The church has also the organ that was built in 1770 by the organ maker from Ljubljana Janez Juraj Eisel. Every year Istria hosts the Organnum Histriae Festival and also the organ from this church is used by the artists from all over the World during the programme that takes place in various churches spread all over Istria.

Pauline Monks were known for their pharmacy knowledge and were known also as teachers. This Monastery hosted a Pharmacy and the Philosophy study that was introduced Sv. Petar u Sumi already in the 17th century.

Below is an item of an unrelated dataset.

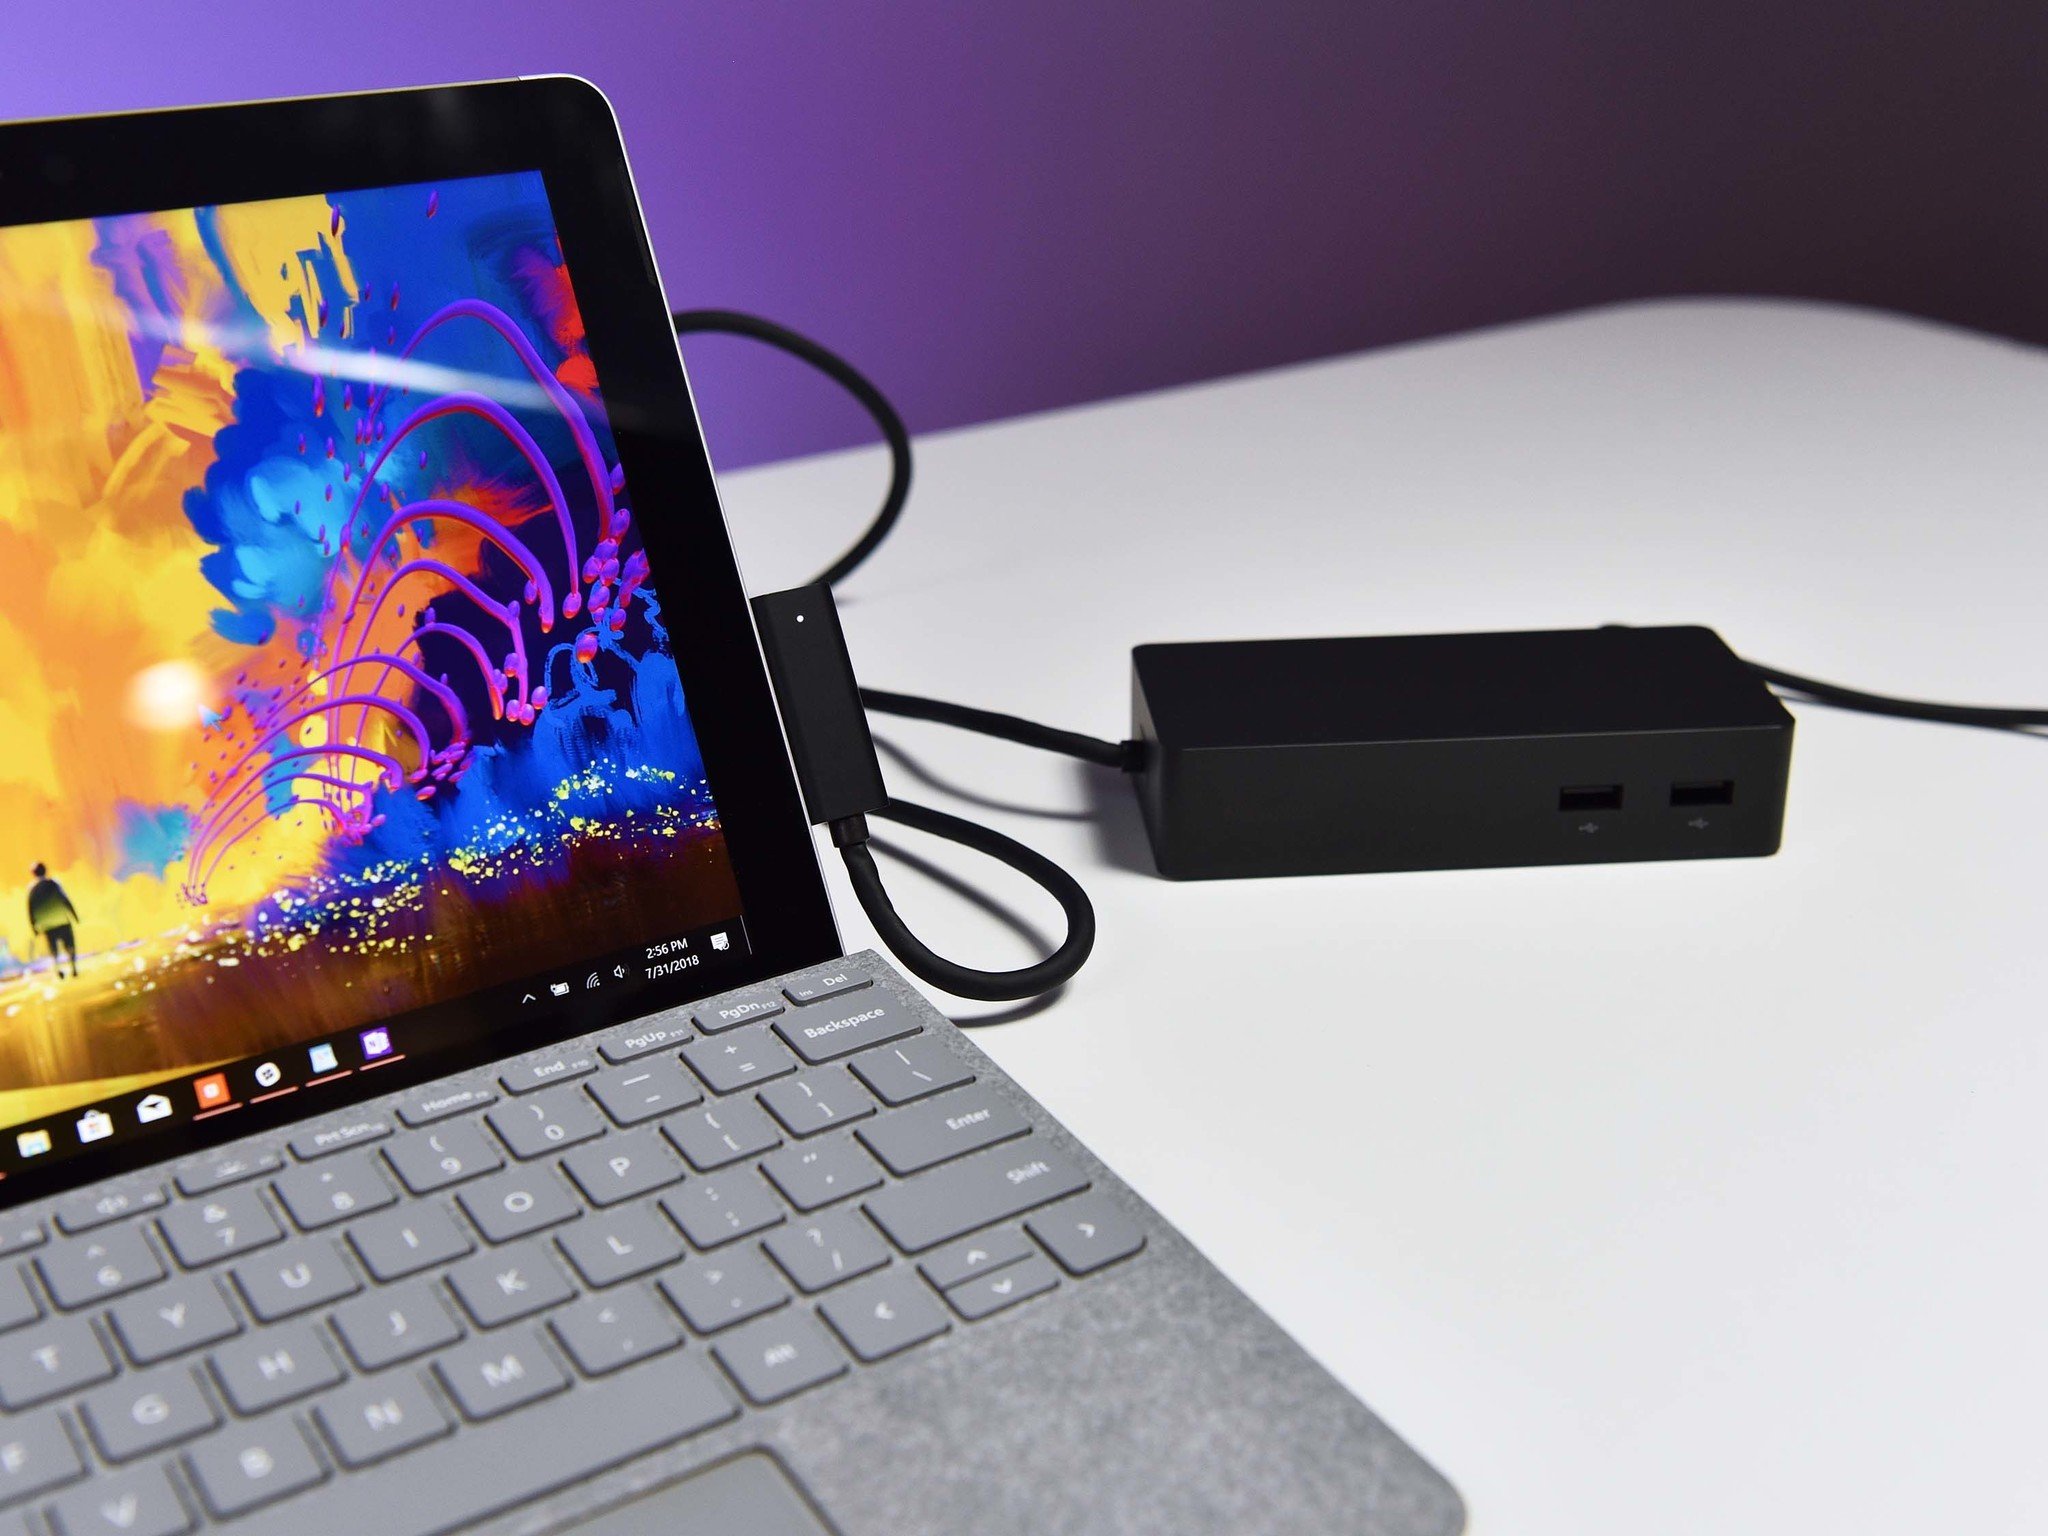 How to update Microsoft Surface Dock firmware | Windows Central

In Sv. Petar u Sumi’s photo gallery you will find few pictures of the Monastery.  


It is known that nearby Sv. Petar u Sumi there was a prehistoric hill fort settlement and a Roman settlement. This is not Sv. Petar u Sumi but another settlement that had different names in its long history like: Vicinato, Castrum Vicinatus, Vicini, Vicino San Pietro and also Visinada.

This settlement was owned by Bishops from Porec as indicated in a document from 1178 made by the Pope Alessandro III.

In the 14th century there was an attempt made by Enrico II Count of Gorizia to conquer this settlement but another document from 1348 confirm that at the time the settlement belonged to the Aquileia Patriarchs. Later on the owners of that land and some other properties became the Monks from Sv. Petar u Sumi until the Order was closed.

The origin of Sv. Petar u Sumi dates back into the 11th century and as is written above it was established by the Benedictine Order. The church was built by the Benedictine Order in the first half of the 12th century.

It is assumed that Salomon, the King of Hungary and Panonia, lived a hermitic life in the area from 1063 until 1074. He was the cousin of the Marquis of Istria Ulrich I Weimar Orlamunde.

It is known that his son Ulrich II donated in 1102 all of his Istrian properties to the Aquileia Patriarchs and in that donation also Sancti Petri was included.

Over the time, mainly thanks to donations, the Monastery controlled a large territory. In 1322 only two monks remained and in 1374 when Alberto IV Count of Pazin died the Monastery passed to Austria and the Hapsburg family.

In 1459 the Emperor Fridrich III gave the Monastery to the Pauline Monks that at the time already had the monastery in Klostar in the eastern part of Istria.

Sv. Petar u Sumi, as most other Istrian towns and villages, was involved in the wars between Venice and Austria and in 1508 Venetians occupied Sv. Petar u Sumi for a year. During the Uskoci war between 1615 and 1618 Venetians almost completely destroyed the Monastery.

In 1731, as testified by a stone inscription, the Pauline Monks rebuilt the complex. What is also known that in the 18th century the Monastery was very important and it had the Government over several other Monasteries.

Few decades later, in 1783 or in 1787, the Emperor Joseph II decided to close the Order. After that decision, the Church became a Parish Church and the Monastery buildings a private property that have changed several owners. One of the first owners was Marquis Montecuccoli, the owner of the County of Pazin.

In 1993 the Monastery and the Church were returned to the Pauline Monks while Sv. Petar u Sumi. The village followed the destiny of other Istrian towns and villages of the 19th century.

Sv. Petar u Sumi was part of the Austrian Empire and for a short period of time was under Napoleon domination. After the First World War and fall of the Austro-Hungarian Monarchy, Sv. Petar u Sumi, was part of Italy and after the Second World War became part of Yugoslavia (Croatia).